We have identified a set of putative genes involved in several secondary metabolism pathways, especially those related to the synthesis of its active ingredients. Our results will serve as an important platform for public information about gene expression, genomics, and functional genomics in H. perforatum.


Hypericum perforatum L. (common St. John’s wort) is a widely known medicinal herb used mostly as a remedy for depression [1]. It also has other broad pharmacological activities, such as anti-tumor, anti-inflammatory, antiviral, antioxidant, anti-cancer, and antibacterial properties [2], [3]. Human health is benefited because of this diversity of active ingredients within various chemical groups. Its major active metabolites – hypericins, hyperforins, and melatonin – belong to the naphthodianthrones, phloroglucinols, and alkaloids, respectively. Xanthones and flavonoids have also been identified in extracts from this plant [4].
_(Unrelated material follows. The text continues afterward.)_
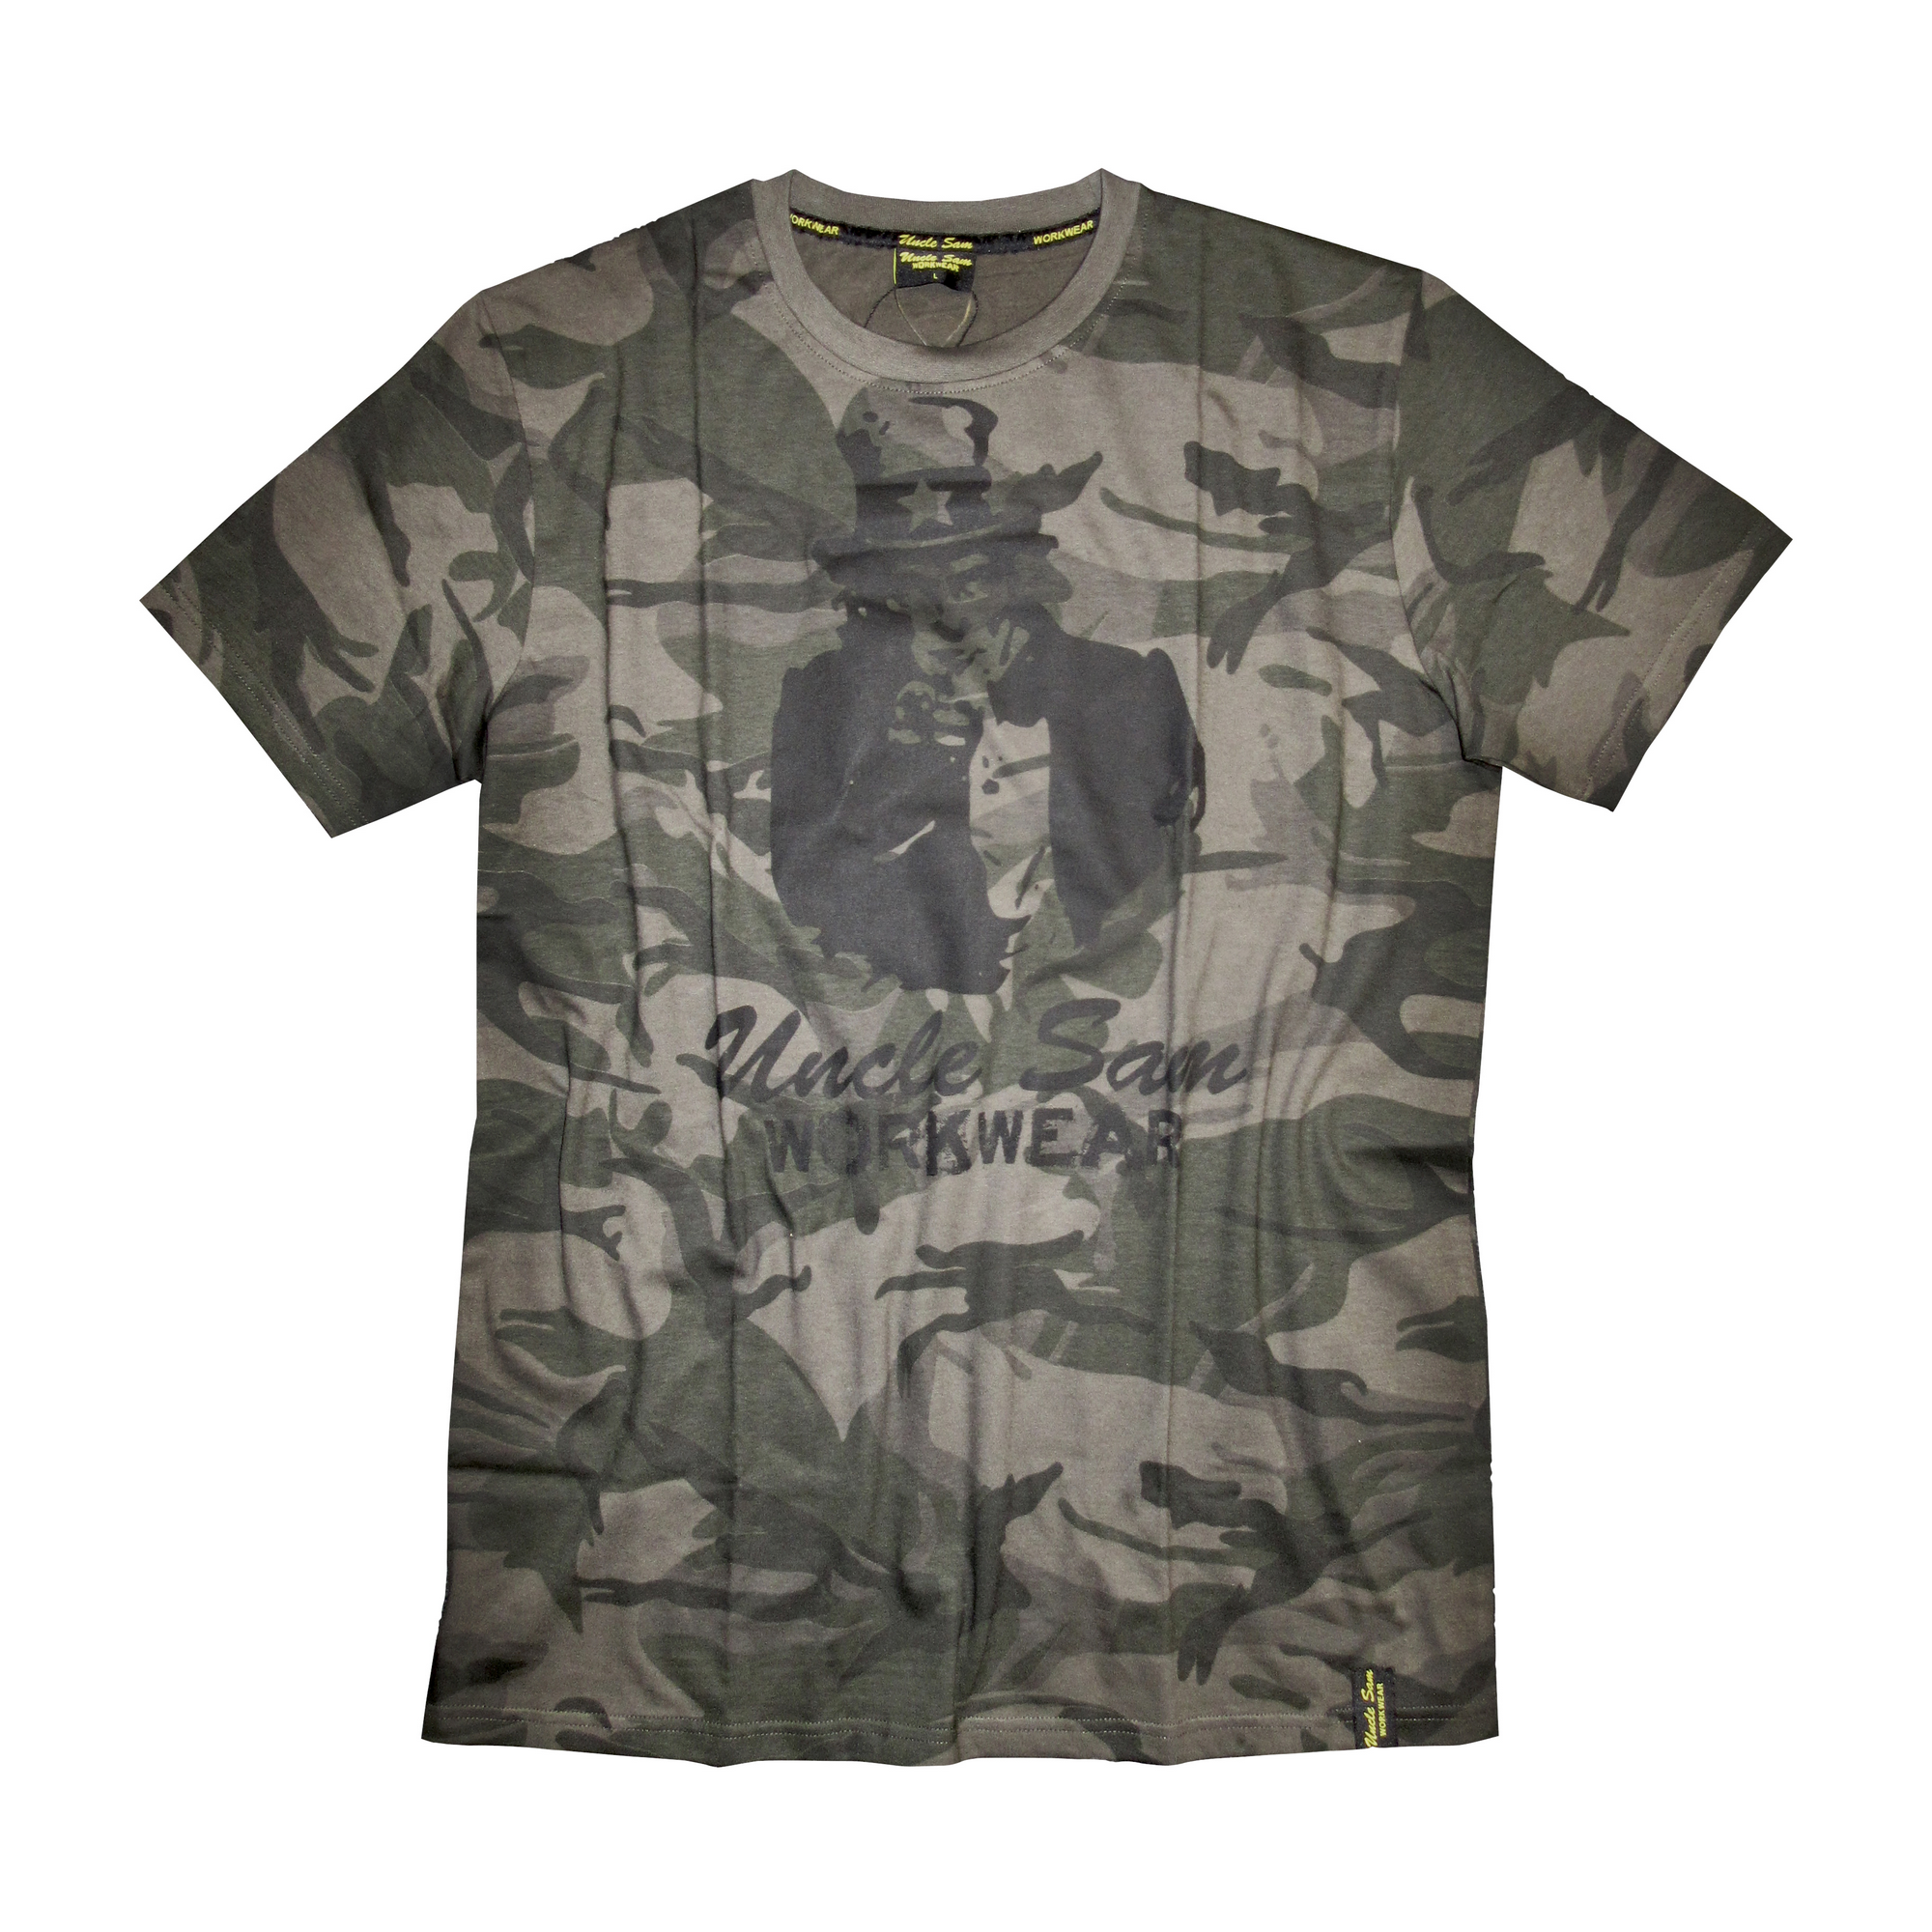 T-Shirt 'Workwear' olive/camouflage XL, Baumwolle + product picture

H. perforatum has significant amounts of hypericin and hyperforin, which are considered to be most promising naturally occurring agents because of their important biological properties. Hypericins are the characteristic compounds of the genus Hypericum (Hypericaceae). Hyperforin has been found in significant amounts only in H. perforatum [5], whereas other Hypericum species contain only low levels of that compound [6]. Consequently, H. perforatum fascinates the researchers, and reveals huge market demand. Although the biosynthesis pathway leading to hypericins and hyperforins is still poorly understood, it is presumed that the type III polyketide synthase (PKS) is involved [7], [8]. This PKS family of enzyme complexes produces various polyketides in plants, including naphthodianthrones, phloroglucinols, xanthones, and flavonoids [4], [7], [8]. Type III PKSs catalyze the condensation between specific CoAs, such as acetyl-CoA and malonyl-CoA [9]. Based on their mechanisms of cyclization, these PKSs in higher plants are classified into three groups: chalcone synthase (CHS-type), stilbene synthase (STS-type), and coumaroyltriacetic acid synthase (CTAS-type) [9]. All have diverse functions that vary according to substrate preference, the amount of condensed malonyl-CoA, and the mechanism of cyclization reactions [10], [11].
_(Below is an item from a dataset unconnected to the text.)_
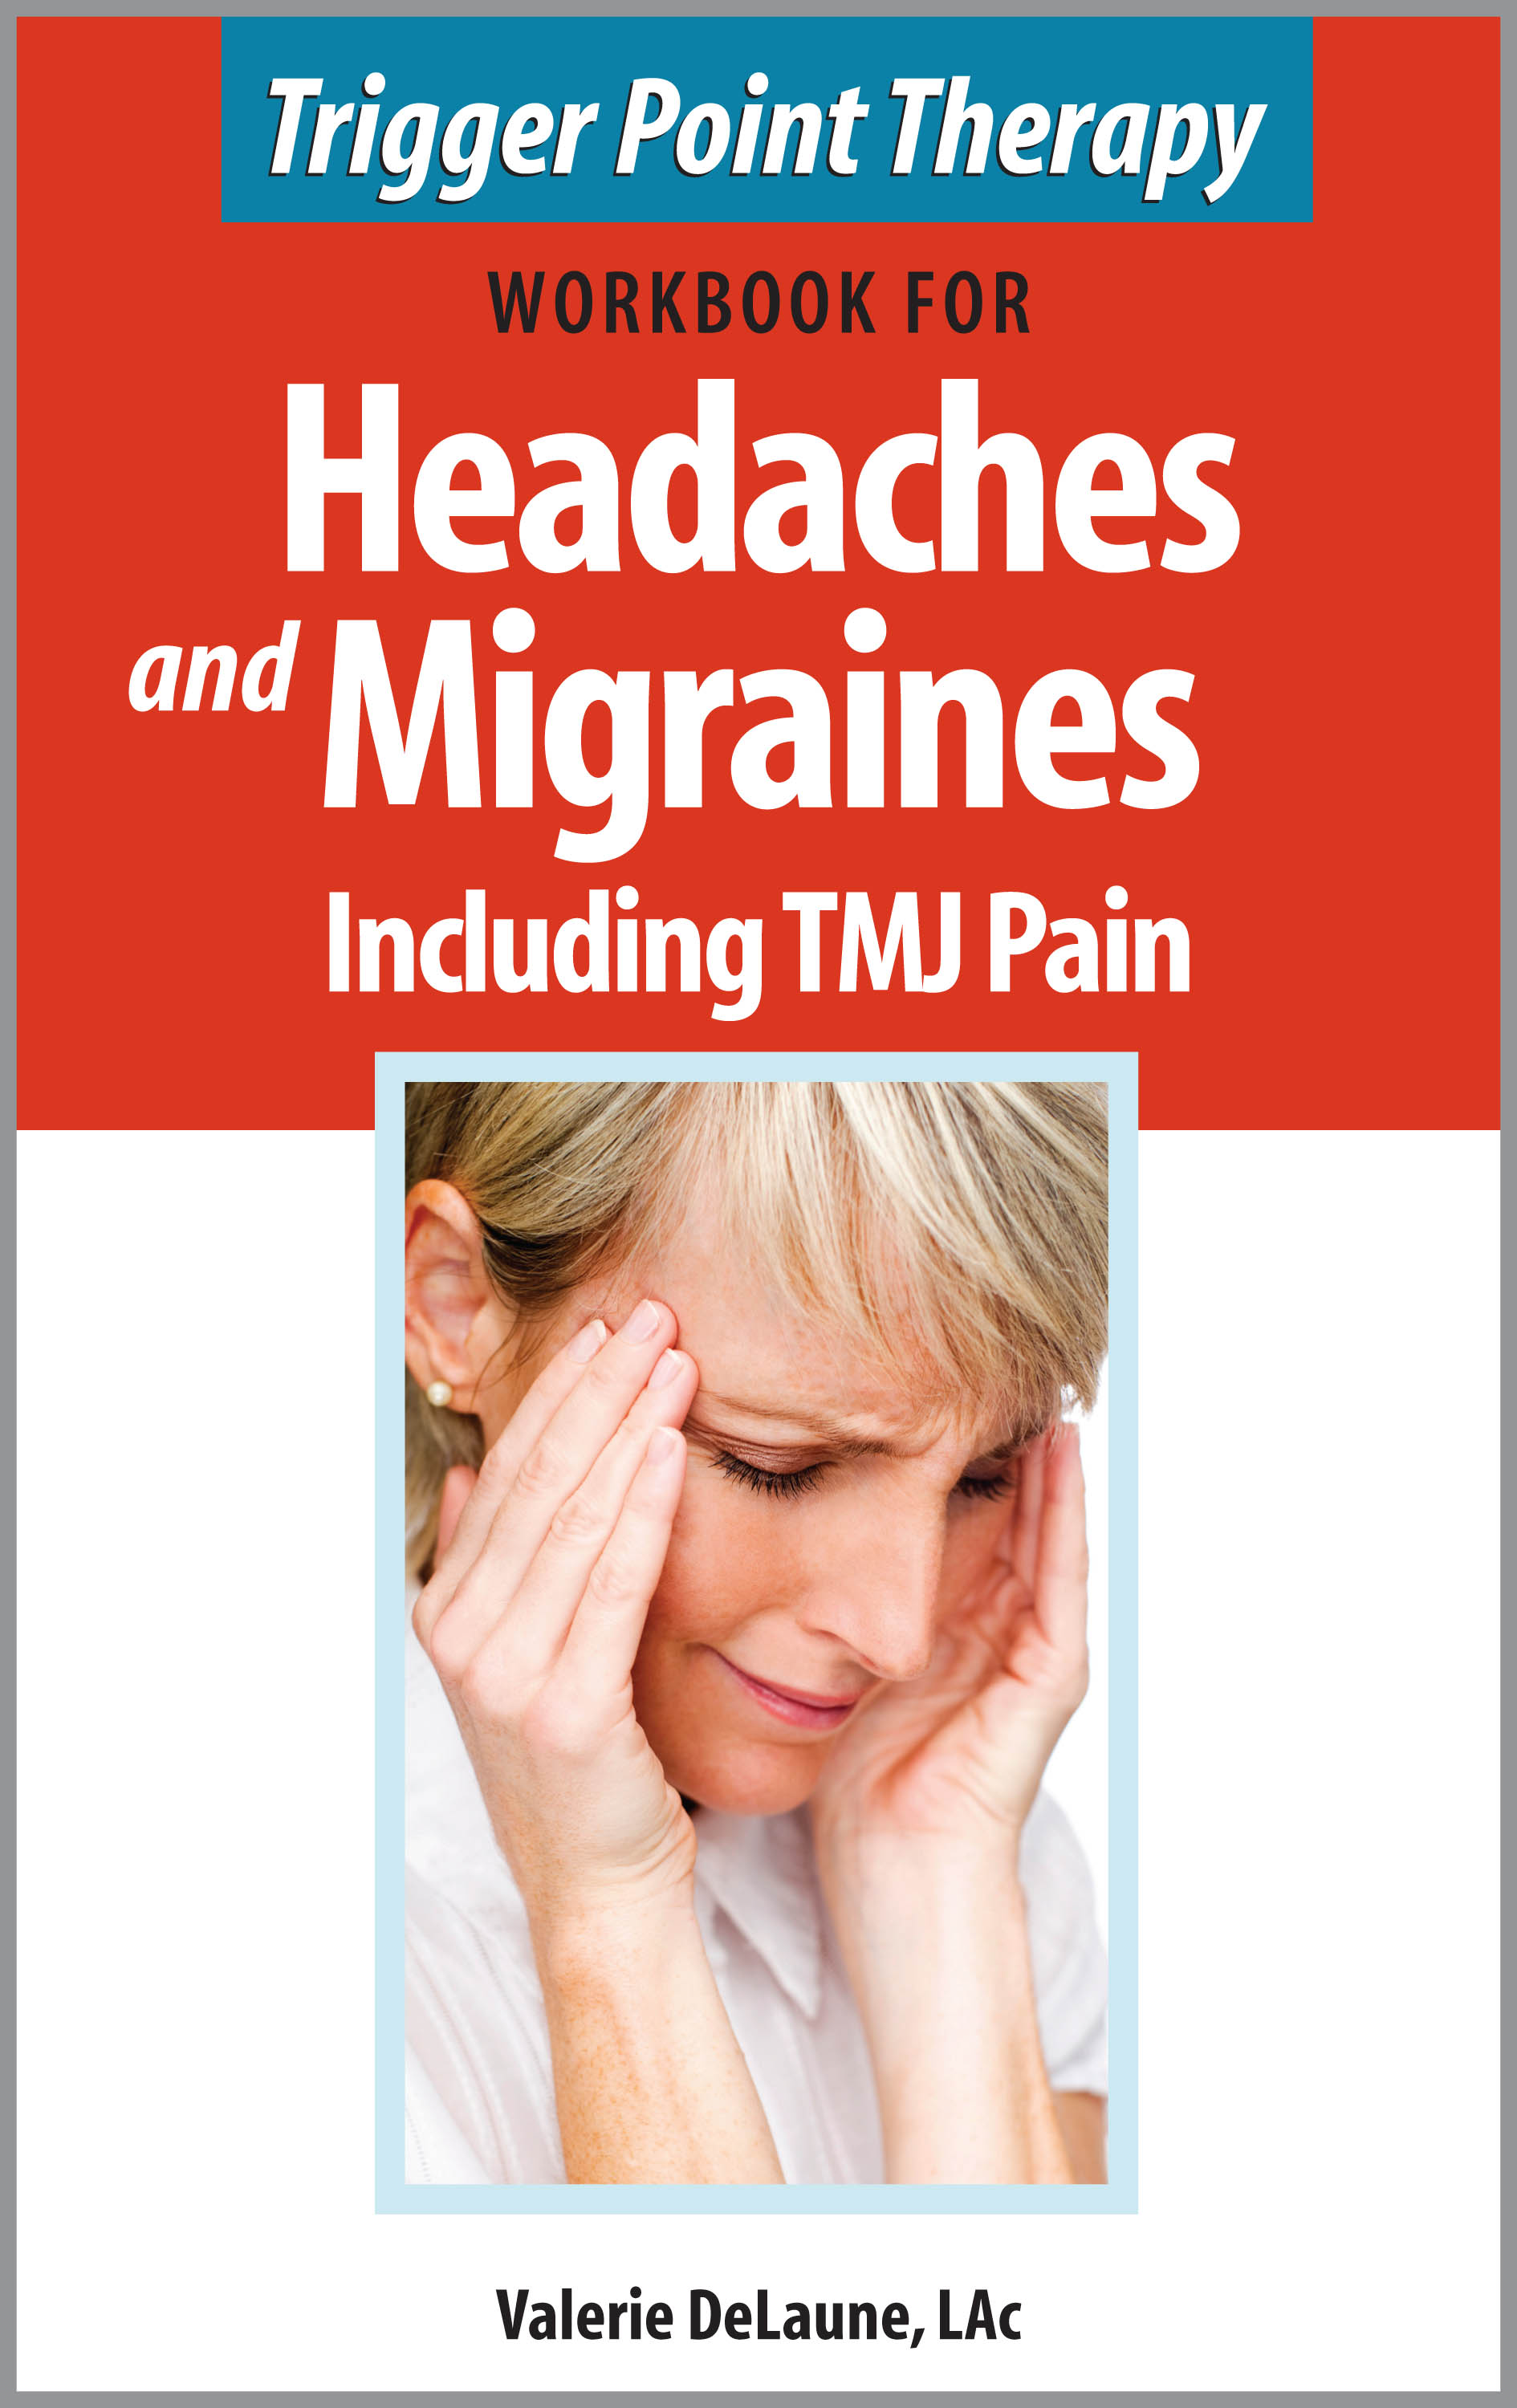 Trigger Point Therapy for Headaches and Migraines

Figure 1. Distributions of lengths

(A) and gaps (B) for unigenes from Hypericum perforatum.

Melatonin (N-acetyl-5-methoxytryptamine), a hormone secreted by the pineal gland in animal brains, helps regulate other hormones and maintain the body’s circadian rhythm [12]. It is also present in the plant kingdom [13], where it is considered an antioxidant or growth promoter [14]. Although its biosynthetic pathway is poorly understood, it is thought to be derived from tryptophan and serotonin [15]. Much current research has been focused on the detection, function, and biosynthesis of melatonin in H. perforatum because those plants produce significantly larger amounts of that hormone compared with other species [13].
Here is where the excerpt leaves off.